Computer graphics processing and selective visual display system – Computer graphics processing – Three-dimension
Reexamination Certificate
1998-05-04
2001-10-23
Zimmerman, Mark (Department: 2671)
Computer graphics processing and selective visual display system
Computer graphics processing
Three-dimension
C345S428000, C345S441000
Reexamination Certificate
active
06307554
ABSTRACT:
BACKGROUND OF THE INVENTION
1. Field of the Invention
The present invention relates to an apparatus and a method for generating progressive polygon data, and an apparatus and a method for generating three-dimensional real-time graphics using the progressive polygon data.
2. Description of the Prior Art
In recent years, in the field of computer graphics (hereinafter, referred to as “CG”), a variety of circuit boards dedicated to three-dimensional (hereinafter, referred to as “3D”) representation (hereinafter, simply referred to as “boards”) and machines for rendering 3D graphics are commercially available.

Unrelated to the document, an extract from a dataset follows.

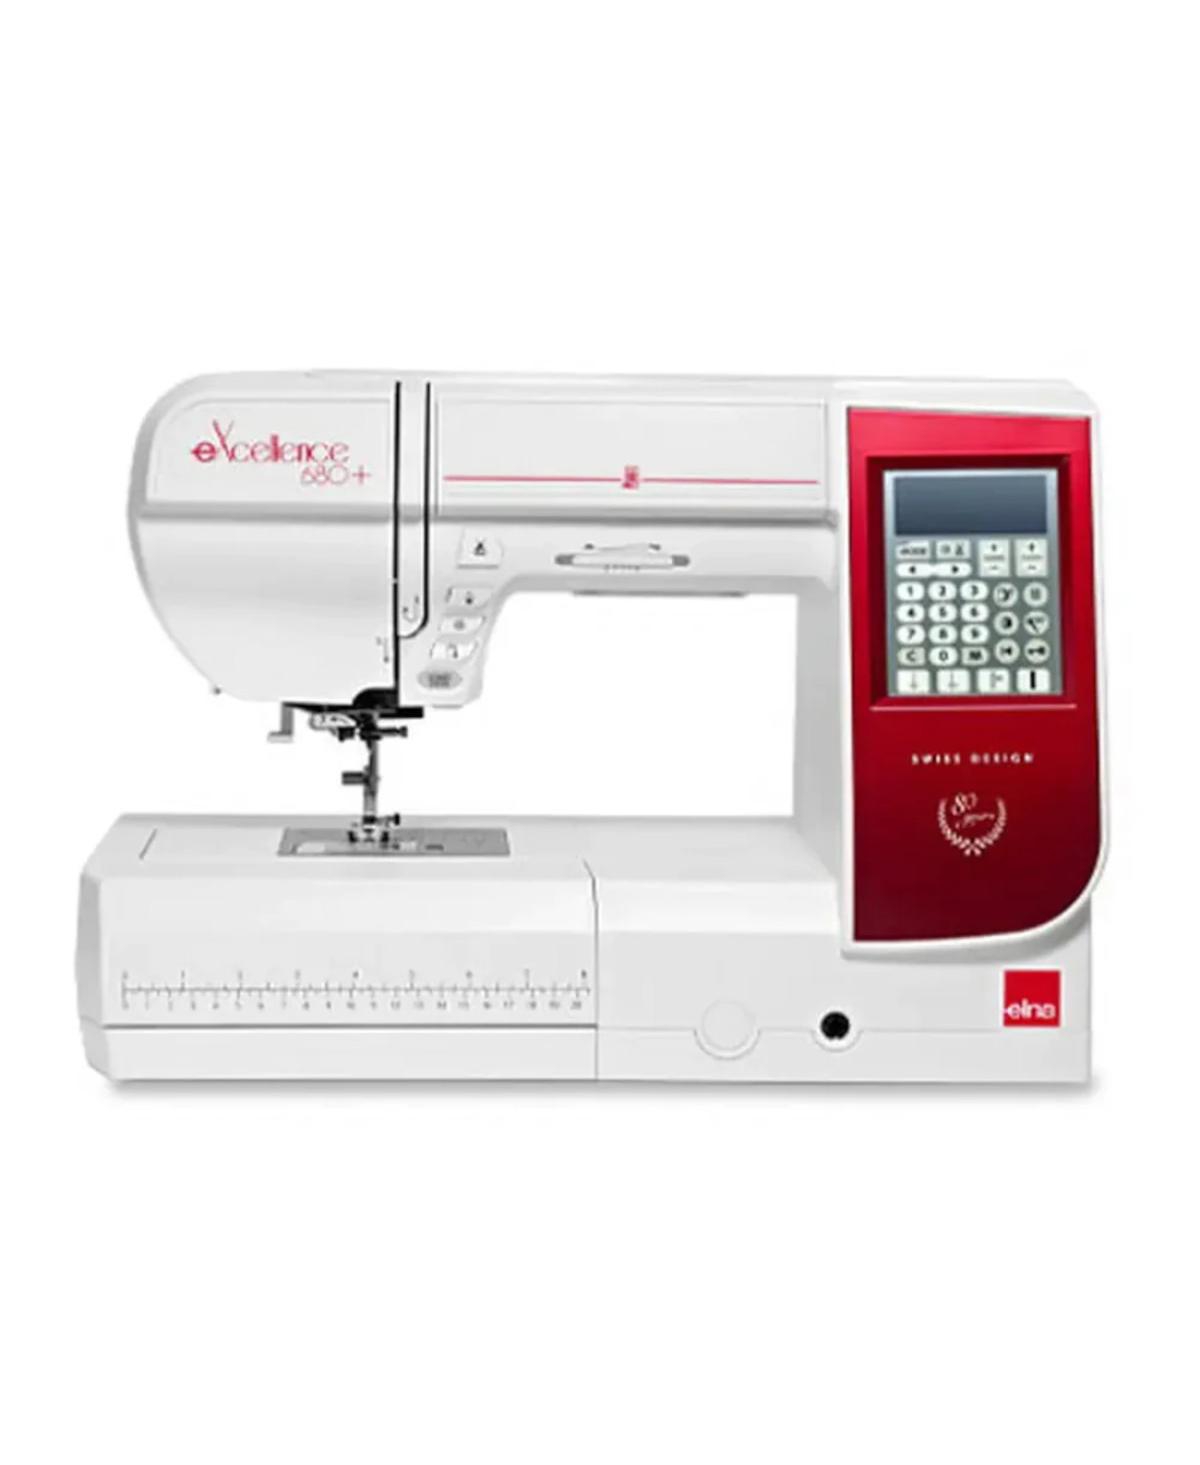 eXcellence 680 Plus Anniversary Edition Computerized Sewing Machine - White

Among these, inexpensive boards are available to be built into a personal computer (hereinafter, referred to as “PC”), as Windows 95® and Windows NT® become widespread. Moreover, inexpensive game machines making use of such boards are also available.
Under these circumstances, most boards and game machines represent data for 3D graphics as polygons. Boards that handle polygons range from high-performance boards to low-performance boards. For example, in a high-performance board, a fine 3D object (hereinafter, referred to as “object”) can be rendered with 10,000 polygons, whereas in a low-performance board, it is necessary to render an object with about 500 polygons.

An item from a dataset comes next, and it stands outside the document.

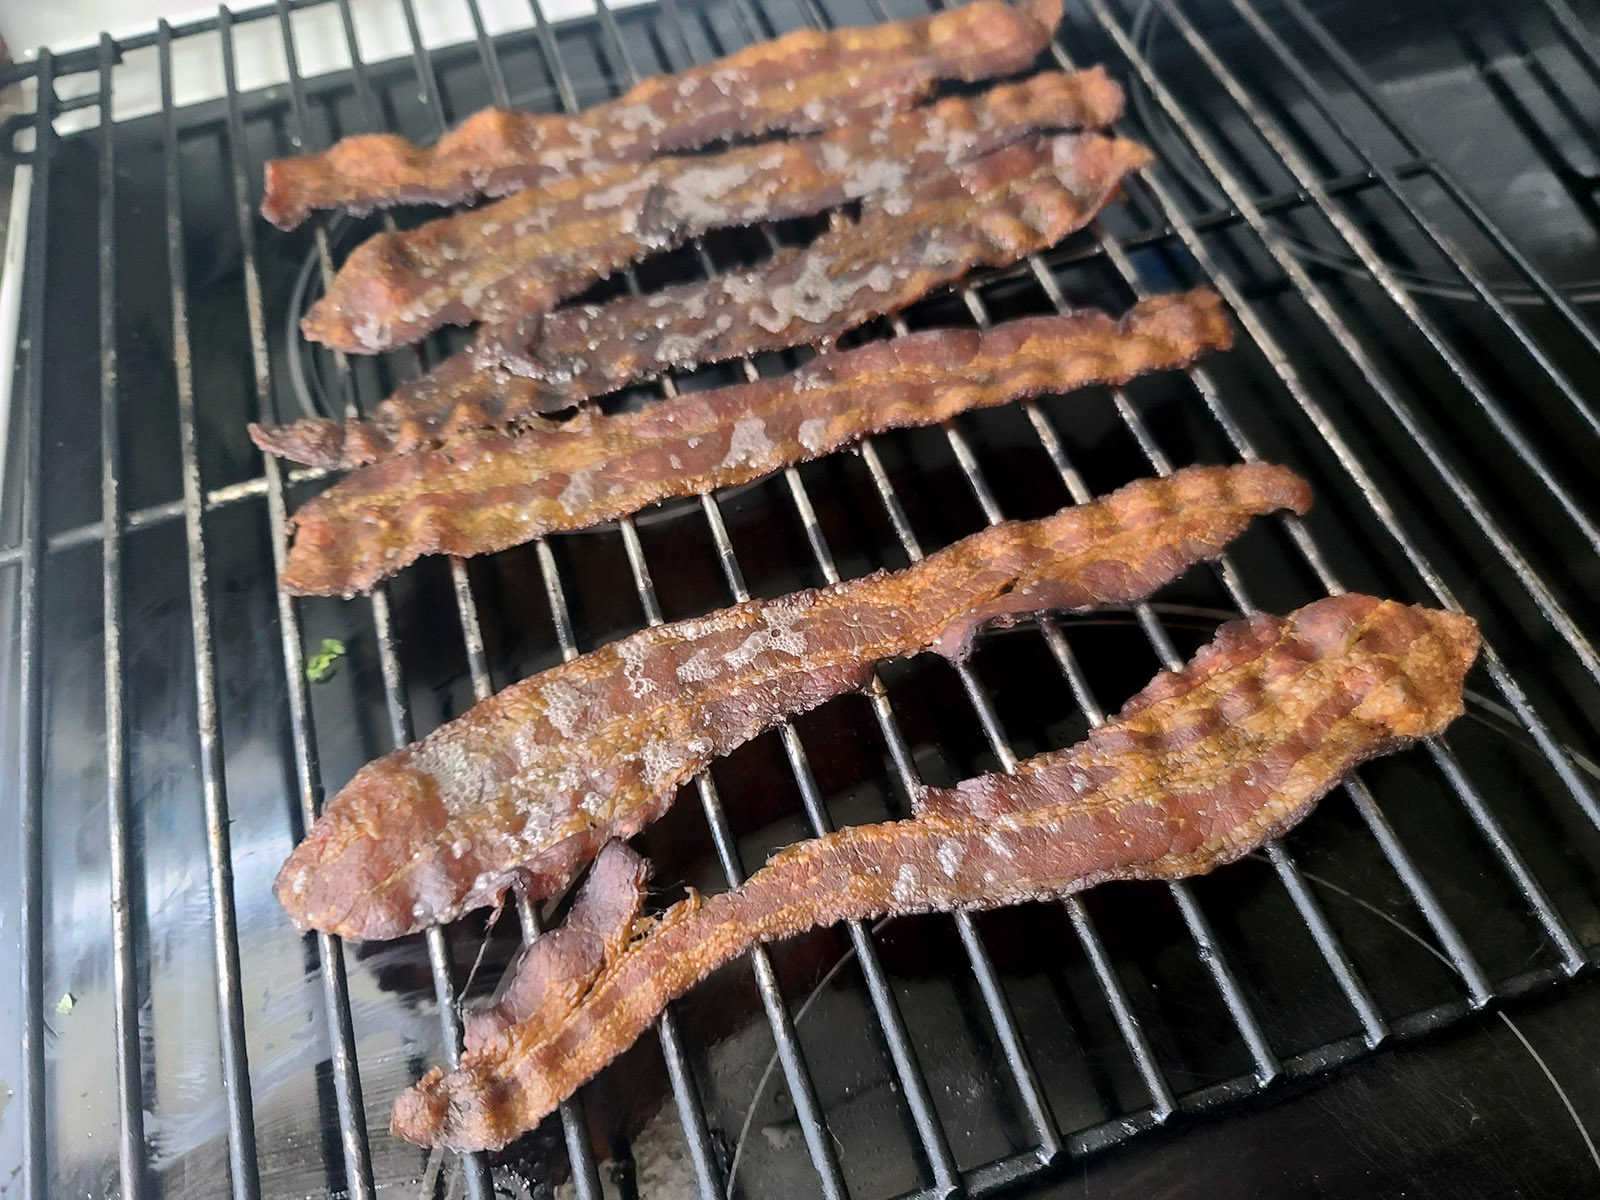 Bacon slices smoking in a large smoker.

Conventionally, when a creator of animation (hereinafter, referred to as “animator”) produced real-time animation with an animation tool such as SoftImage® (product of Microsoft Co.), at least 30,000 polygons were generally required.

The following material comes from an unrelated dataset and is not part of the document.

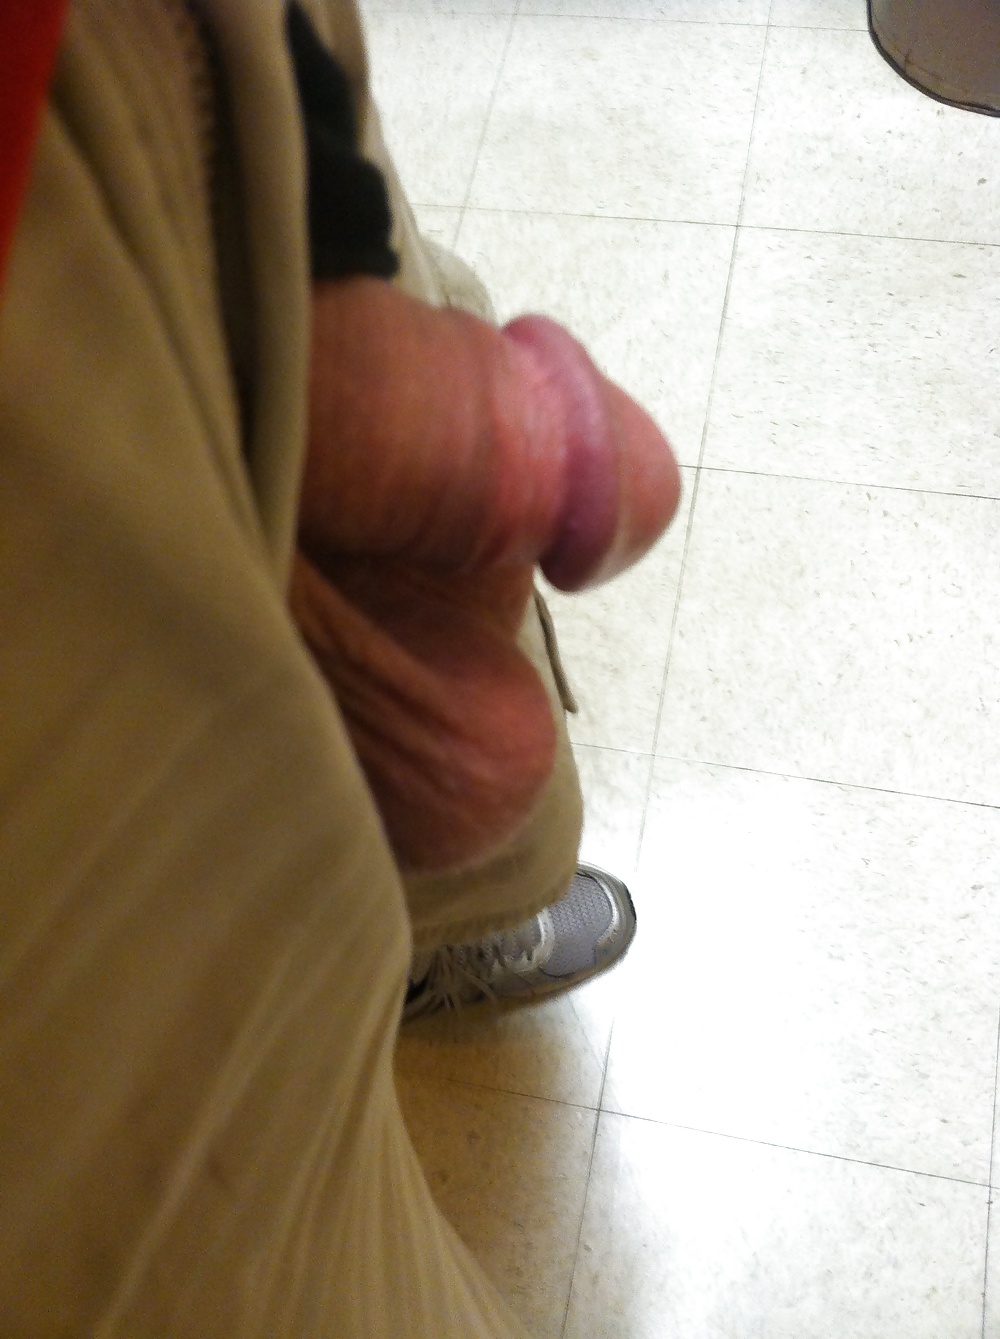 Lots of my cock and my big balls! #32317239

However, in order to render graphics in real time on a currently available PC, 2,000 is the maximum number of polygons for use in rendering. Moreover, when a plurality of objects are rendered simultaneously, it is necessary to restrict the total number of polygons for rendering all objets to about 2,000 polygons.
Japanese Laid-Open Patent Publication (Tokkai-Hei) No.7-85307 discloses a technique for the reduction of the polygon data used for rendering an individual object, when a plurality of objects are rendered. In this technique, a plurality of sets of polygon data that have different resolutions are prepared previously, and the resolutions are changed depending on what is rendered, e.g., what kind of behavior is rendered or the like.
This method makes it possible to reduce the number of polygons according to the behavior of an object or the like when rendering the object, so that this method is effective to display a plurality of objects on the screen.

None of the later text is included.